Omagh Courthouse. Photo: Kenneth Allen / Geograph
Omagh Courthouse. Photo: Kenneth Allen / Geograph

The mother of a two-year-old girl who died of “catastrophic” injuries at a house in Dungannon has appeared in court today (Tuesday) alongside herĀ  partner.

The toddler, Ali Jayden Doyle, died on Friday following an incident at a house at Park Avenue in the town.

Jade Dempsey (24), of Sycamore Drive, Dungannon, appeared at Omagh Magistrates’ Court via video link from Laganside Courthouse.

She is charged with perverting the course of justice and causing or allowing the death of a child, by “failing to take such steps as could reasonably have been expected to take to protect Ali Jayden Doyle from the risk”.

Also appearing from the same courthouse was Darren John Armstrong (32), of Ashbeg Grove, Dungannon.

He is charged with murdering the toddler on August 6 and perverting the course of justice between August 6 and August 9.

The pair spoke only to say they understood the charges.

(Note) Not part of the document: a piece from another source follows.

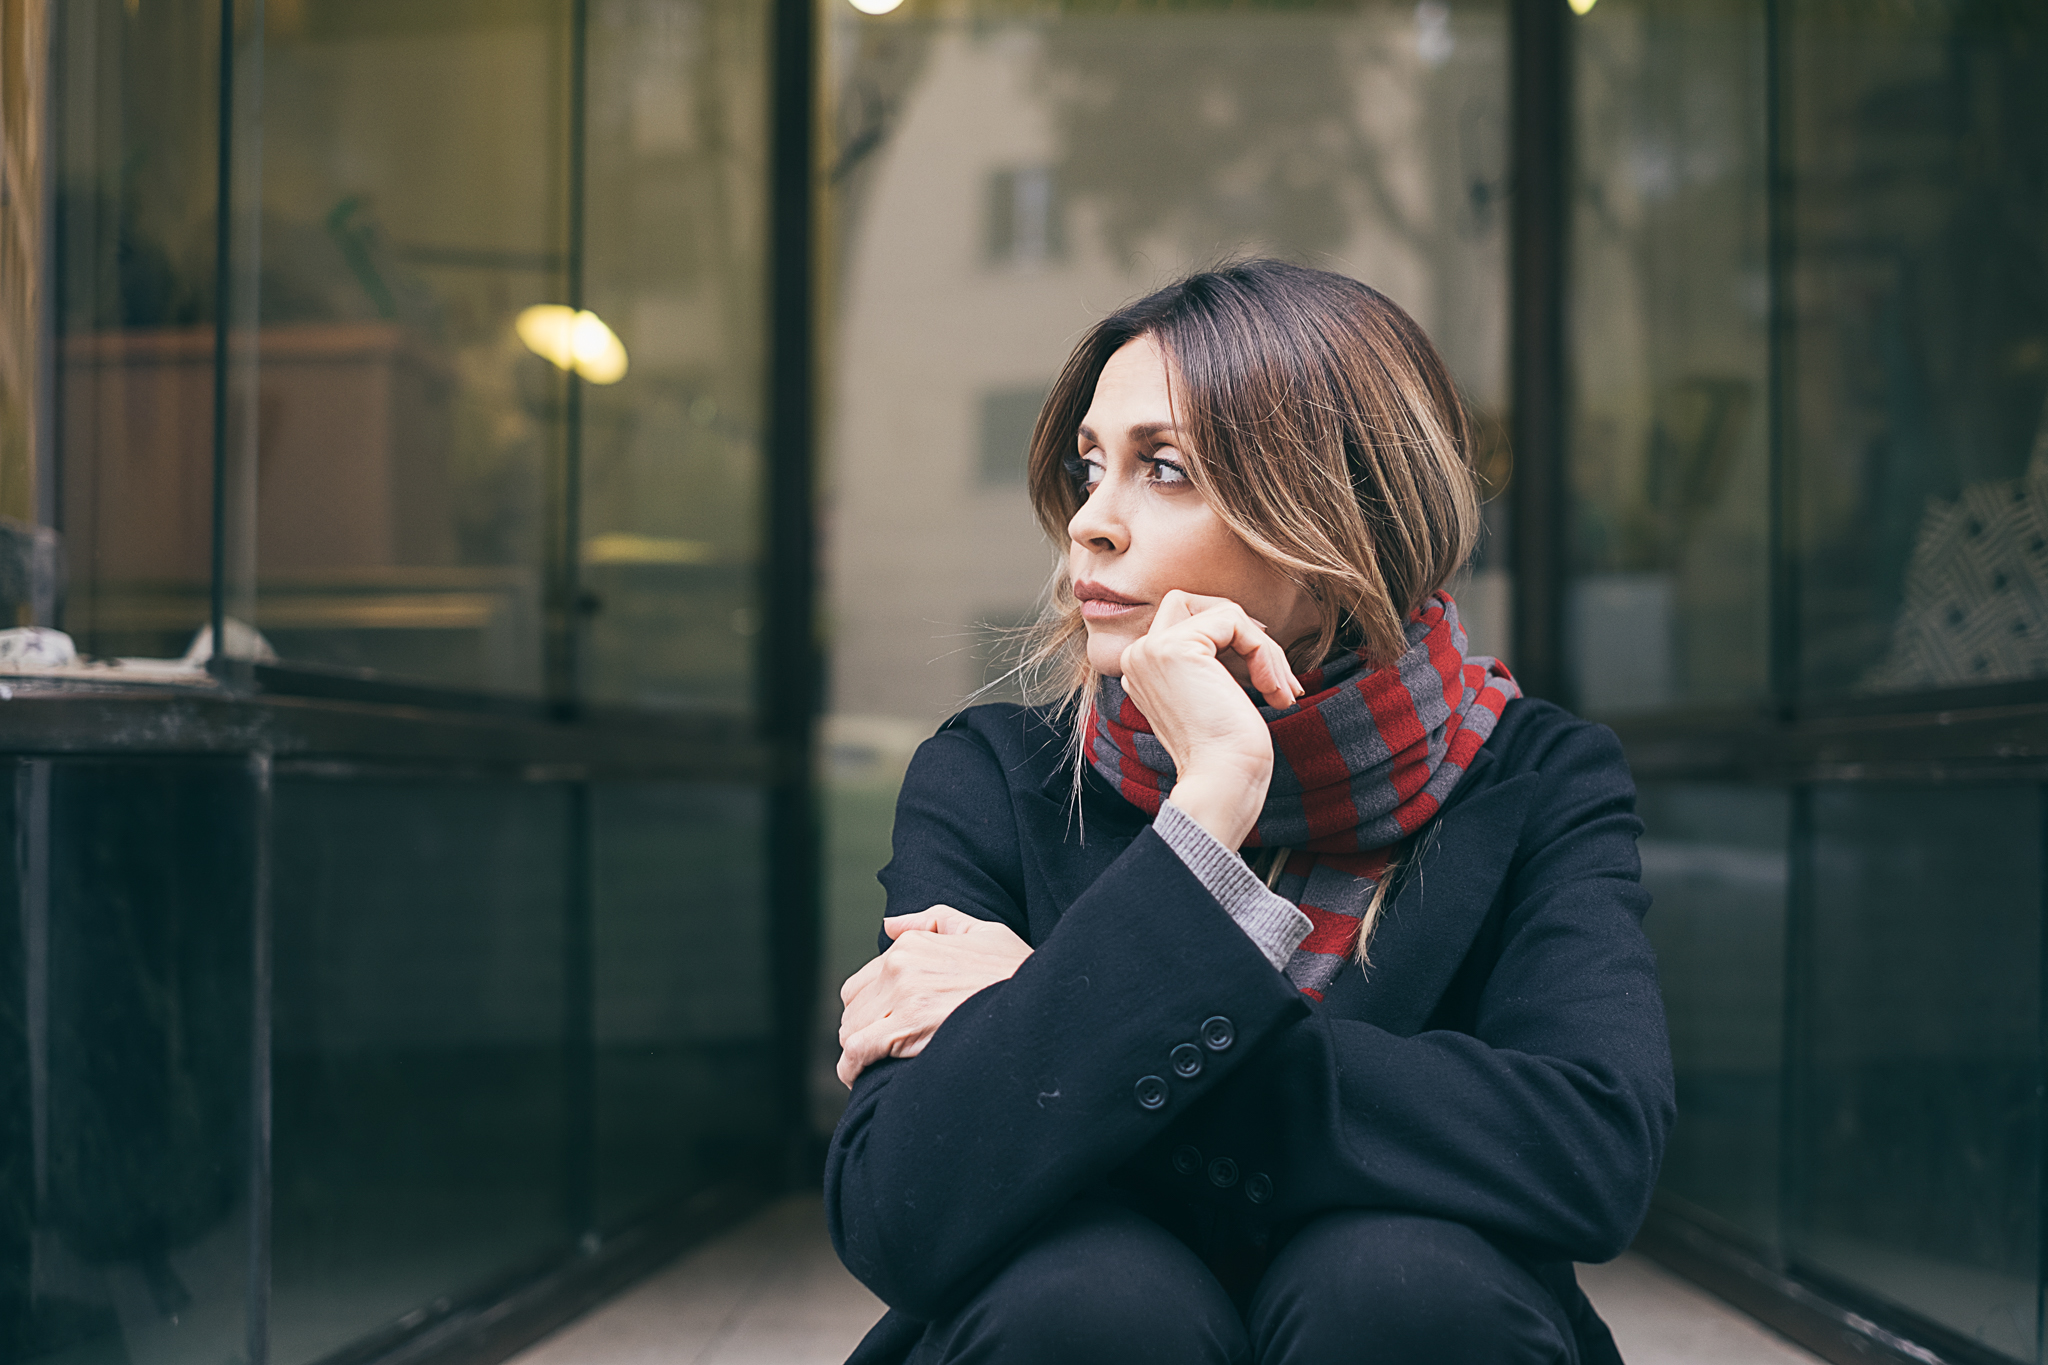 Ritratti_Elda Alvigini2017 (1)

Outlining the events of August 6 to the court, Detective Inspector James Brannigan said the NI Ambulance Service was called to reports of an unconscious child and on arrival found Ali unresponsive.

In his account of what happened, Armstrong said Ali’s younger brother had hit her on the head with a toy and that she had fallen and hit her head on the hearth.

The detective said both Ali and her younger sibling were on the Child Protection Register and that Armstrong and Dempsey were expressly told on a number of occasions that he was to have no access to the children.

The court was told Dempsey had left the children with Armstrong and had only been gone a short time when she got a call to say there had been an accident.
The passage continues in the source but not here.